**DIRECTIONS:** Make an exact copy of the listing underneath, skipping each picture.

**DATA BELOW:**

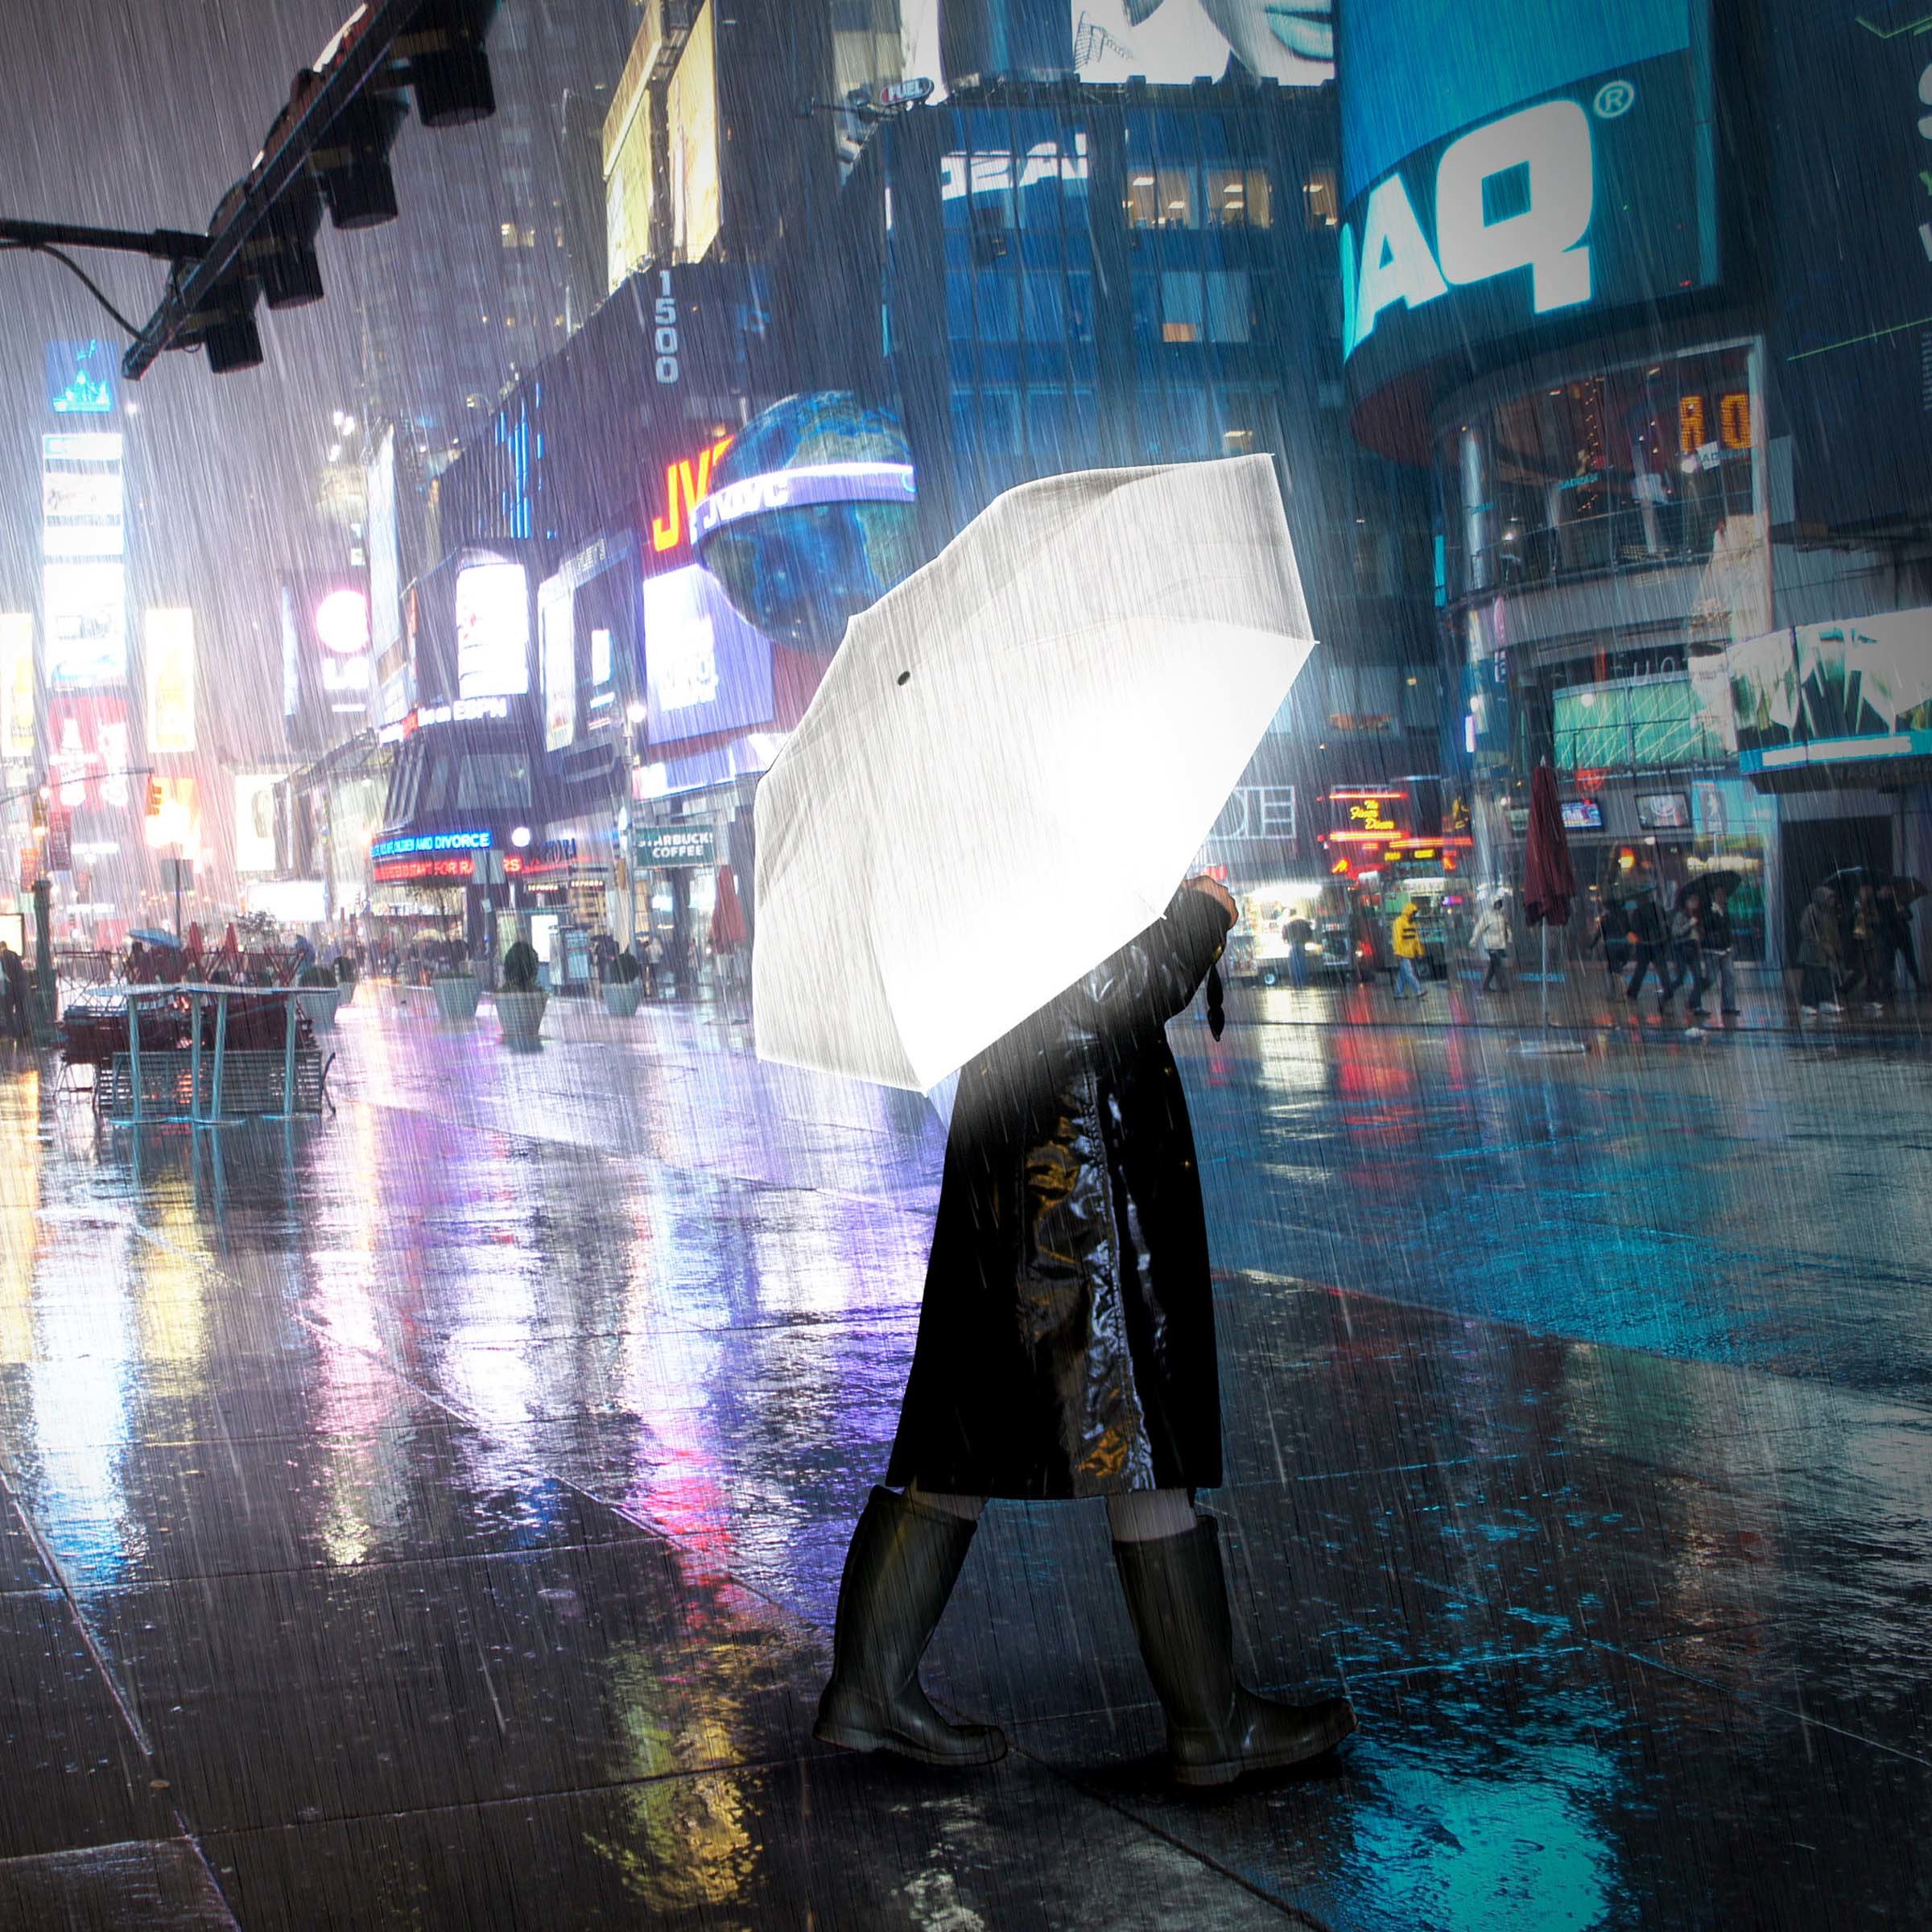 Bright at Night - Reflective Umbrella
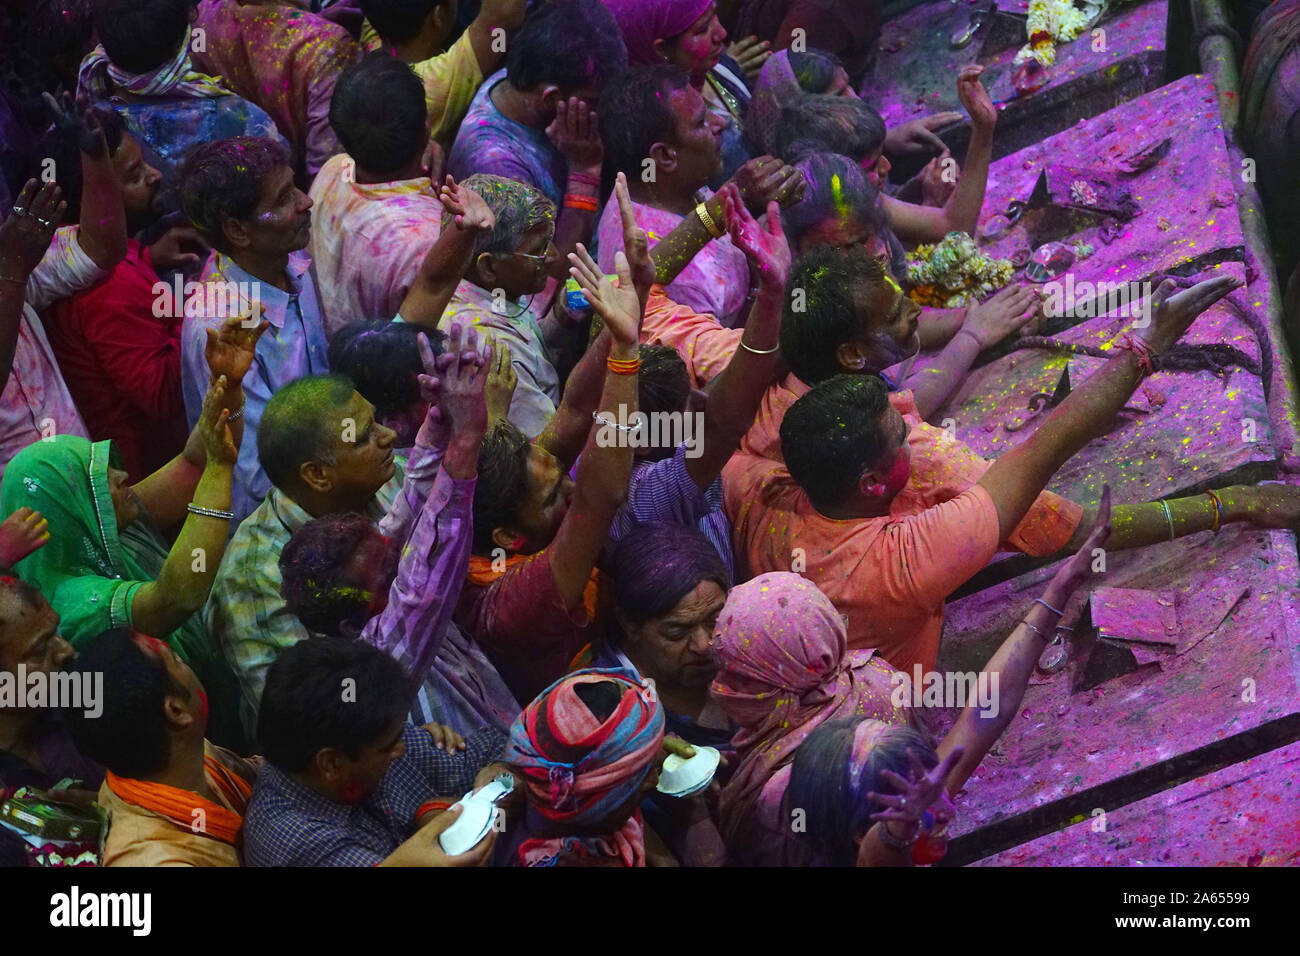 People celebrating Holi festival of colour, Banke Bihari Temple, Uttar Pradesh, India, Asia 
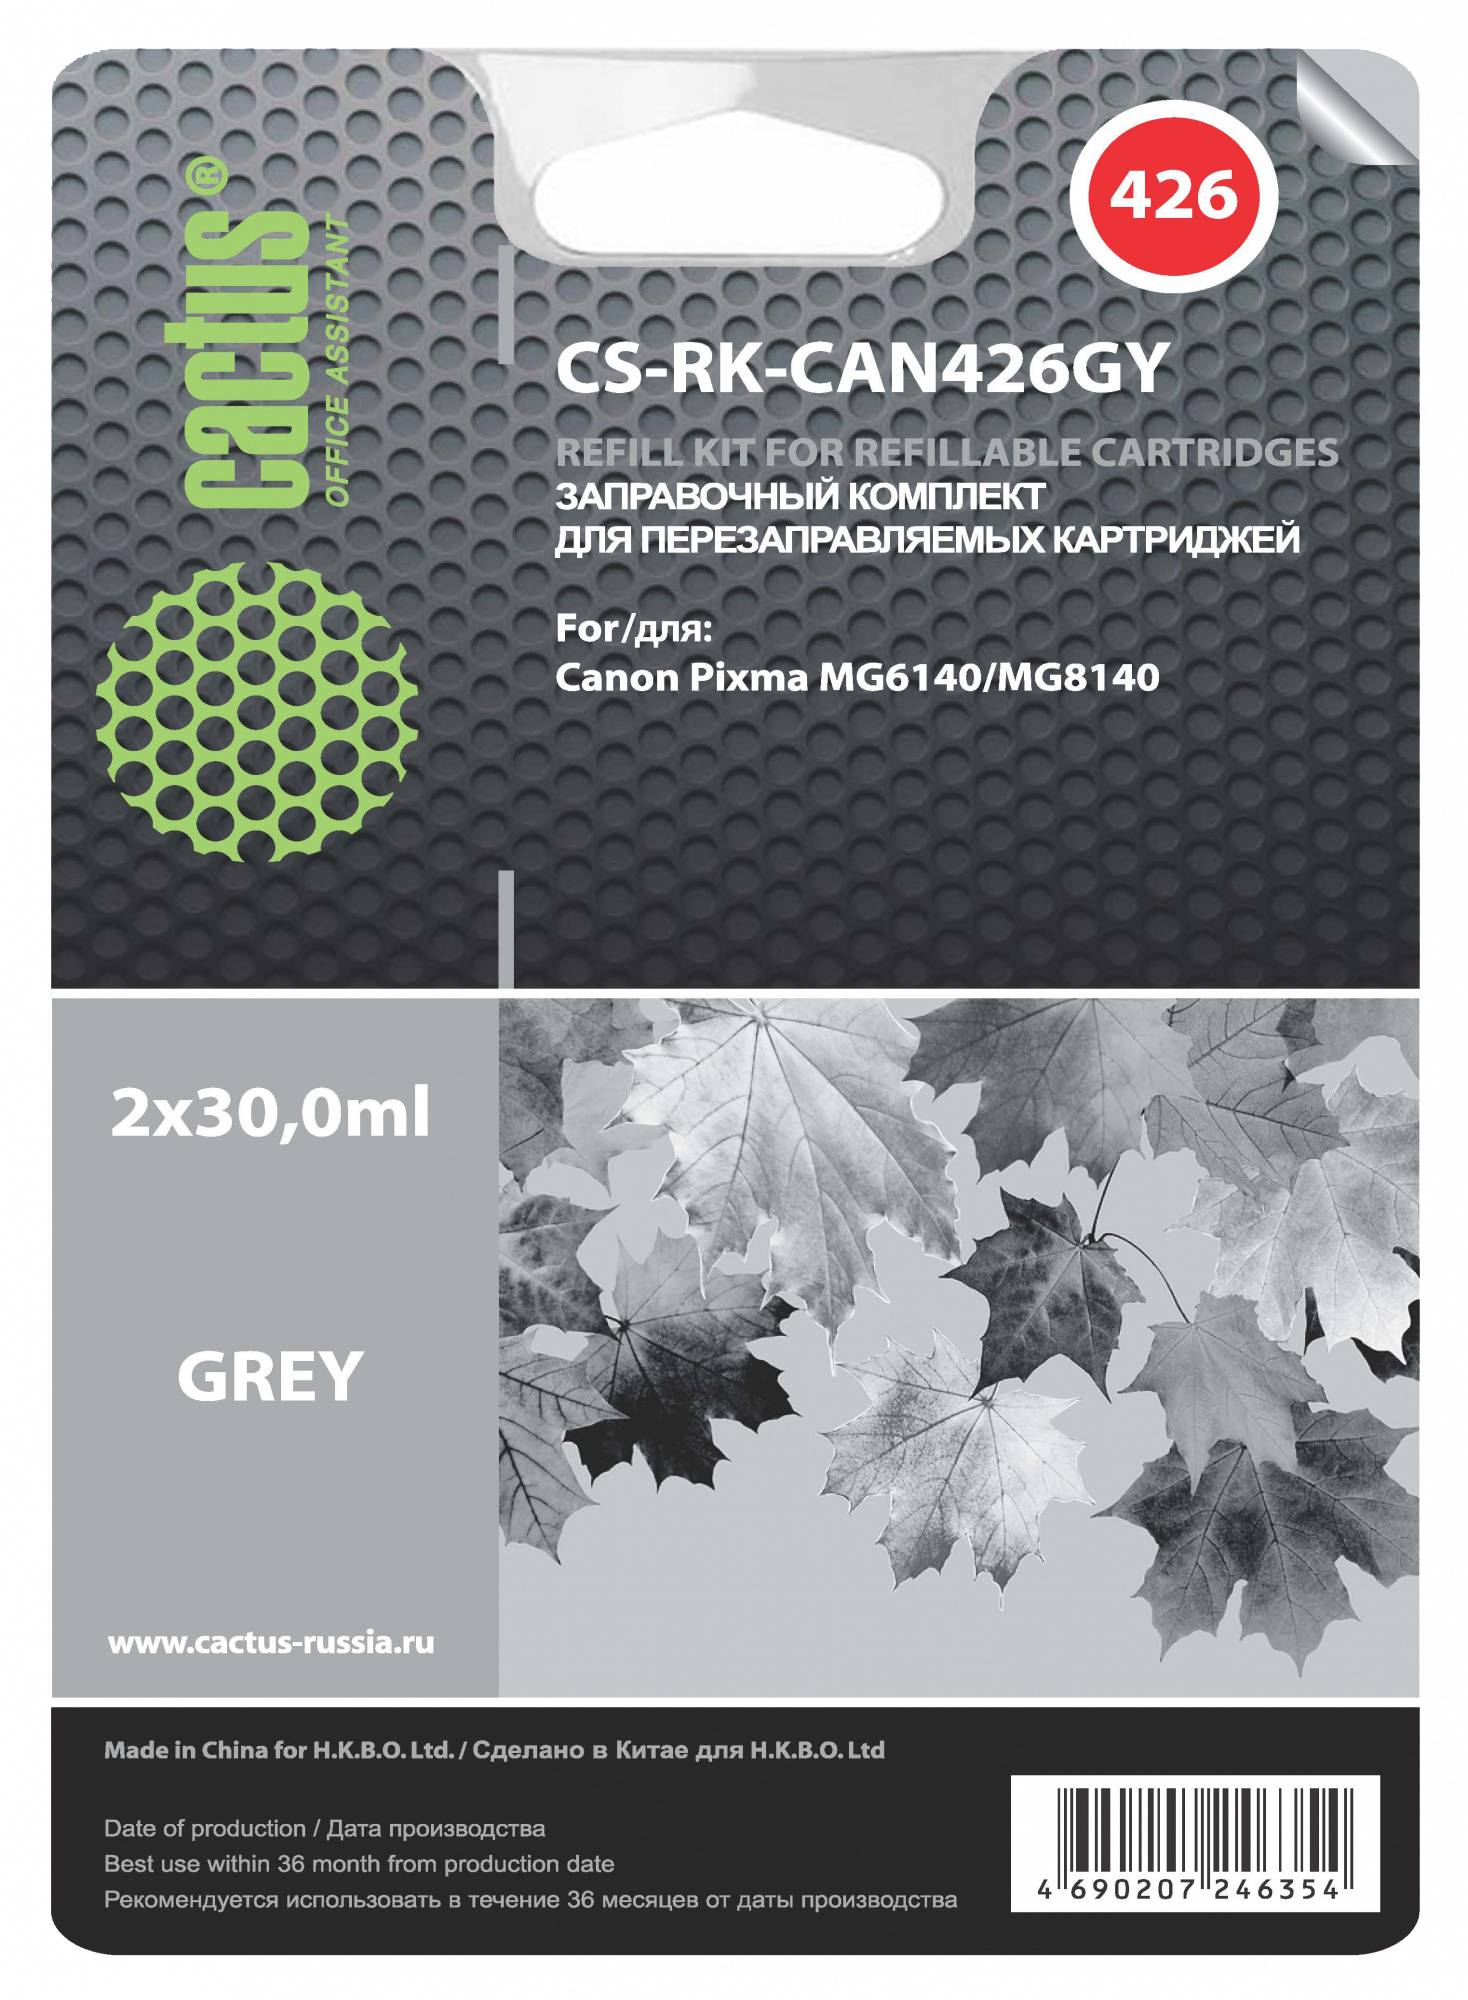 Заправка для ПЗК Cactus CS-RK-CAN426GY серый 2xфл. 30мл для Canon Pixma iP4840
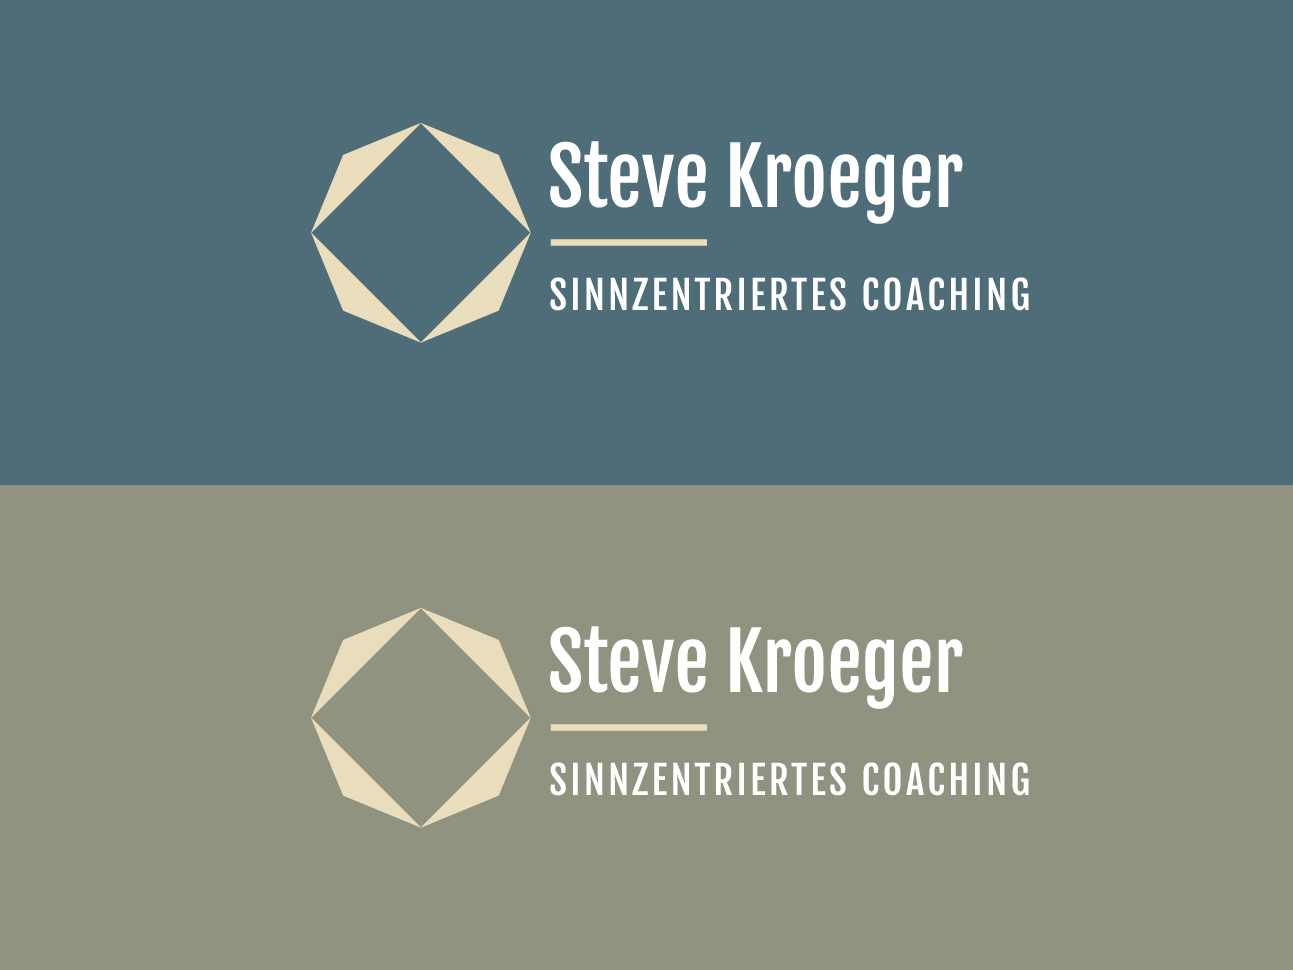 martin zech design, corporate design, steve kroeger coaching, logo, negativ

**RESPONSE TO THIS TASK:**
 Bright at Night - Reflective Umbrella
 People celebrating Holi festival of colour, Banke Bihari Temple, Uttar Pradesh, India, Asia 
 Заправка для ПЗК Cactus CS-RK-CAN426GY серый 2xфл. 30мл для Canon Pixma iP4840
 martin zech design, corporate design, steve kroeger coaching, logo, negativ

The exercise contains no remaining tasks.